Vittorio Lingiardi, M.D., è psichiatra e psicoanalista. È Professore Ordinario di Psicologia Dinamica e già Direttore del Corso di Specializzazione in Psicologia Clinica presso il Dipartimento di Psicologia Dinamica, Clinica e della Salute della Facoltà di Medicina e Psicologia della Sapienza Università di Roma. È responsabile dell’Hub dei Servizi di Counselling della Sapienza per i professori e il personale amministrativo e Senior Research Fellow della Scuola Superiore di Studi Avanzati (SSAS) della Sapienza. Dal 2020 è presidente della Society for Psychotherapy Research-Italy Area Group (SPR-IAG). I suoi interessi di ricerca comprendono la valutazione diagnostica e il trattamento dei disturbi di personalità, la ricerca sui processi e sui risultati in psicoterapia, l’identità di genere e l’orientamento sessuale. È autore di diversi libri e di numerosi articoli pubblicati sulle principali riviste internazionali di psichiatria, psicoterapia e psicoanalisi.
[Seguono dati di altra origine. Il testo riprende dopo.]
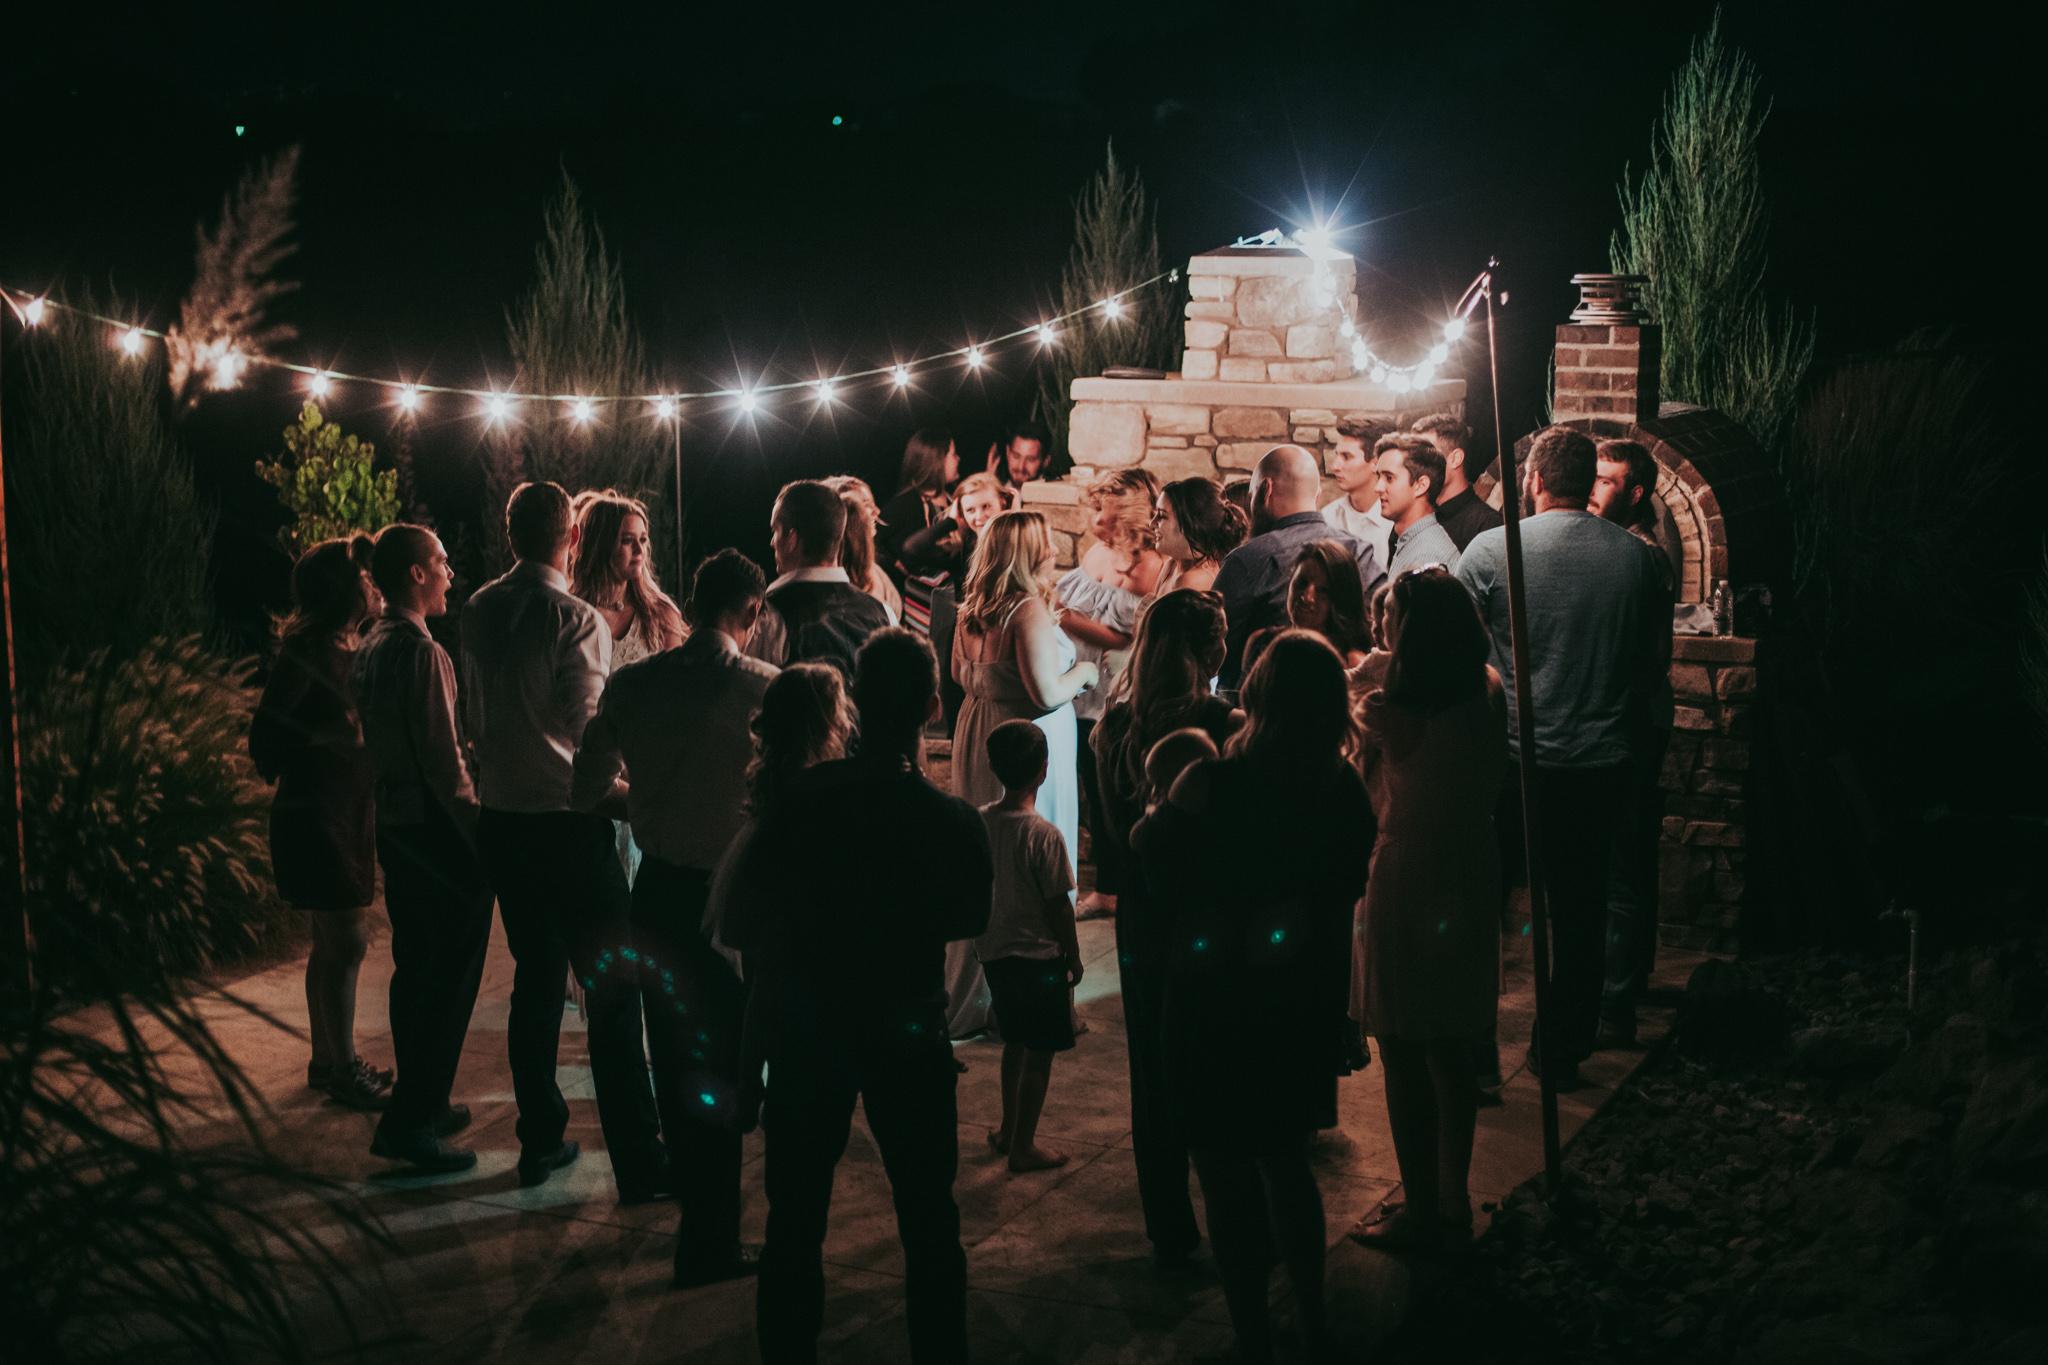 Olga_janni_wedding_090917_WEBSIZE (678 of 704).JPG

Insieme a Nancy McWilliams ha fatto parte del comitato direttivo del Manuale Diagnostico Psicodinamico (PDM-2; Guilford, 2017), che ha vinto l’American Board & Academy of Psychoanalysis Book Prize. È stato insignito di numerosi premi, tra cui il Roughton Paper Award 2005 dell’American Psychoanalytic Association, il Premio Cesare Musatti 2018 della Società Psicoanalitica Italiana e il Research Award 2020 della Society for Psychoanalysis and Psychoanalytic Psychology dell’American Psychological Association. Tra i suoi ultimi libri: Arcipelago N. Variazioni sul narcisismo (Einaudi, 2021); Al cinema con lo psicoanalista (Cortina,2020); Io, tu, noi. Vivere con se stessi, l’altro, gli altri (Utet, 2019); Diagnosi e destino (Einaudi, 2018); Mindscapes (Cortina, 2017). È caporedattore della collana “Psichiatria, Neuroscienze, Psicoterapia” per la casa editrice Raffaello Cortina (Milano). Scrive per il supplemento culturale “Domenica” del quotidiano “Il Sole 24 Ore”, per il quotidiano “La Repubblica” e per la rivista “Venerdì di Repubblica” (con una rubrica settimanale di cinema e psicoanalisi intitolata “Psycho”).
Informazioni sugli autori della ricerca:
Riccardo Williams, PhD, è psicologo, Professore di Psicologia Dinamica presso la Facoltà di Medicina e Psicologia Sapienza – Università di Roma; Membro Associato dell’International Psychoanalytic Association; Direttore del Centro per l’Assessment e la Psicoterapia del Dipartimento di Psicologia Dinamica e Clinica e Salute; Presidente del corso di laurea magistrale in Psicosessuologia Clinica – Sapienza Università di Roma.
Leonardo Provini è Psicologo e Psicoterapeuta a Roma. Co-editor della sezione italiana dell’European Journal of Psychoanalysis e dottorando presso la Sapienza Università di Roma.
Silvia Monaco è Psicologa e dottoranda presso il la Sapienza Università di Roma.
Massimiliano Pompa è Psicologo e dottorando presso la Sapienza Università di Roma. Co-editor della sezione italiana dell’European Journal of Psychoanalysis.